Переход Ладислава на политическую работу был всесторонне обдуман не только самим Ладиславом, но многими людьми, ибо речь шла не о прогулке по июньским лугам. Ладислав имел несколько бесед на эту тему. Беседы были деловыми, предельно трезвыми, они предсказывали лишь самоотречение, опасность, трудности — одним словом, нелегкое будущее. Они походили скорей на рассуждения о тактике и стратегии, присущих военным планам. Не сегодня-завтра вспыхнет война, что бы ни утверждали или что бы ни хотели слышать наивные оптимисты либо перепуганные мещане.
Разговор с Эмой о будущем прошел таким образом.
Весной, когда была объявлена первая мобилизация, люди продолжали верить, что ничего еще не потеряно, что союзники, конечно же, не оставят нас в беде. Затем эти волны опали и уверенность пошатнулась. И все же могло казаться, что ничего особенного не происходит, разве лишь приостановлены дипломатические контакты. Тот, кто никогда не переживал подобной ситуации, не сможет достаточно хорошо представить себе, что способна породить атмосфера такого времени, как люди трезвые и вполне рассудительные отдаются во власть нервических эмоций и волнений, которые в нормальных условиях казались бы им совершенно ненормальными. А условия тогда, разумеется, не были нормальными. Нечто подобное происходило и с Эмой. Она однажды рассказывала не без сожаления — и об опасности можно вспоминать с долей сожаления, — что тогда ею овладело ощущение рока. Ощущение, что она должна что-то сделать, что-то решительное, великое. В том, что она делала, не было ничего ни великого, ни решительного, ни предопределенного судьбой — одна лишь естественная обыденность.
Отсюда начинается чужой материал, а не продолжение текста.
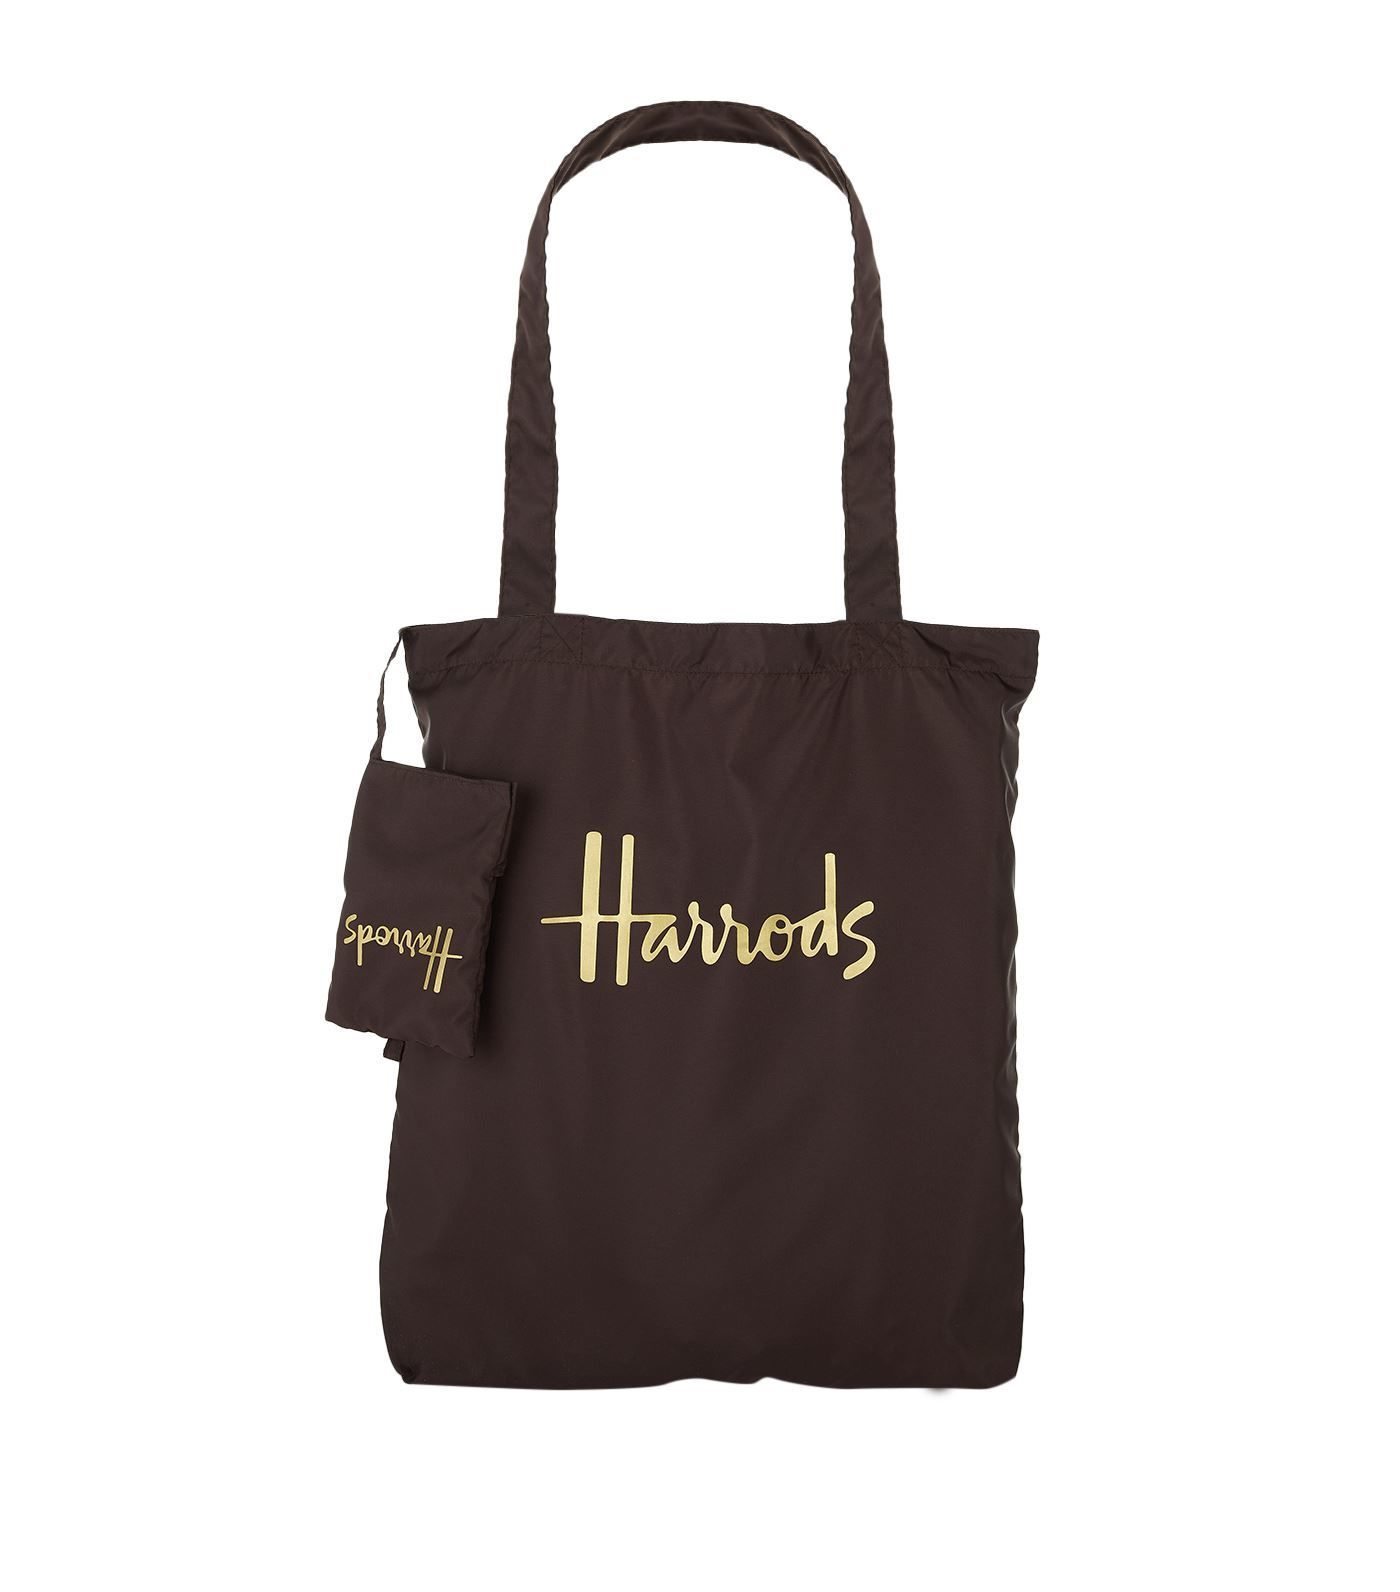 [Harrods] ハロッズ エコバッグ / 折りたたみ 収納袋付 ポケットショッピングバッグ

Как-то в один из майских дней, около одиннадцати, она появилась в квартире родителей Ладислава. Семья Тихих жила на одной отлогой улице, разделявшей Краловске Винограды и пролетарский Жижков. Дом, поставленный еще в восьмидесятые годы, теперь был оснащен многими новшествами — они говорили о некоторой его благоустроенности, но отнюдь не о благосостоянии его обитателей. В квартире было две комнаты с чудесным видом на фасады противоположных зданий и на кроны акаций, которые цвели, пока не представляя себе, что такое смог и ему подобное свинство. Открыла дверь мать Ладислава. Видимо, она торопилась с обедом или была еще чем-то занята и потому барышню, которую едва разглядела в темноте лестничной площадки, встретила без особой приветливости.
Эма представилась коллегой Ладислава и спросила, можно ли его увидеть. Сделала она это в форме столь вежливой и изящной, что пани Тихая любезно пригласила ее войти в прихожую, такую же темную, как и лестничная площадка. Затем торопливо извинилась и убежала в кухню, в дверь слева. Возвратившись минутой позже, она через дверь справа провела Эму в комнату. Комната была сравнительно просторной. Здесь преобладали приметы семейного комфорта в виде массивного буфета орехового дерева, обеденного стола с шестью стульями и сервантика с хрусталем. Часть комнаты занимали вещи Ладислава. У окна — чертежная доска с планами никому не нужных домов, на стенах плакаты и всевозможные репродукции, библиотека, диван, заваленный журналами, и радио.
Лишь в комнате, при полном освещении, пани Тихая разглядела Эму. Она поразила женщину. Одновременно с явным любопытством в ней проснулось и легкое недоверие, какое испытывают все матери к красивым девушкам, у которых есть шанс вмешаться в жизнь сыновей — а когда дело касается единственного сына, это особенно опасно — в значительно большей степени, чем удается самой матери. Эма была чрезвычайно взволнована и потому произвела впечатление высокомерной девицы, которая в любых условиях окажется хозяйкой положения. Однако почему Эма была так взволнована? В самом деле: во времена сорокапятилетней давности вторгнуться в квартиру любимого, выходца из другой социальной среды, значило совершить поистине героический поступок. Да еще назваться его коллегой и ждать каких-то сведений от матери, для которой визит женщины к ее сыну был, несомненно, в диковинку. Даже для Эмы, привыкшей к общению с самыми разными людьми, этот визит был не из легких, и прежде всего потому, что речь шла о любимом. Смелость ей придавало само время, которое Эма, как нам известно, считала героическим.
Конечно, по прошествии стольких лет легко рассуждать о том времени, и остается только удивляться, что великое множество молодых людей связывало с ним свои надежды и так взволнованно и нетерпеливо ожидало будущих событий, дабы проявить свое мужество или нечто такое, что совершается под бой барабанов и с реющими знаменами. Естественно, Эма тоже испытывала подобные чувства. Но как чумы боялась всякой патетики, особенно в такой стопроцентно романтической ситуации, в какой оказалась именно сейчас.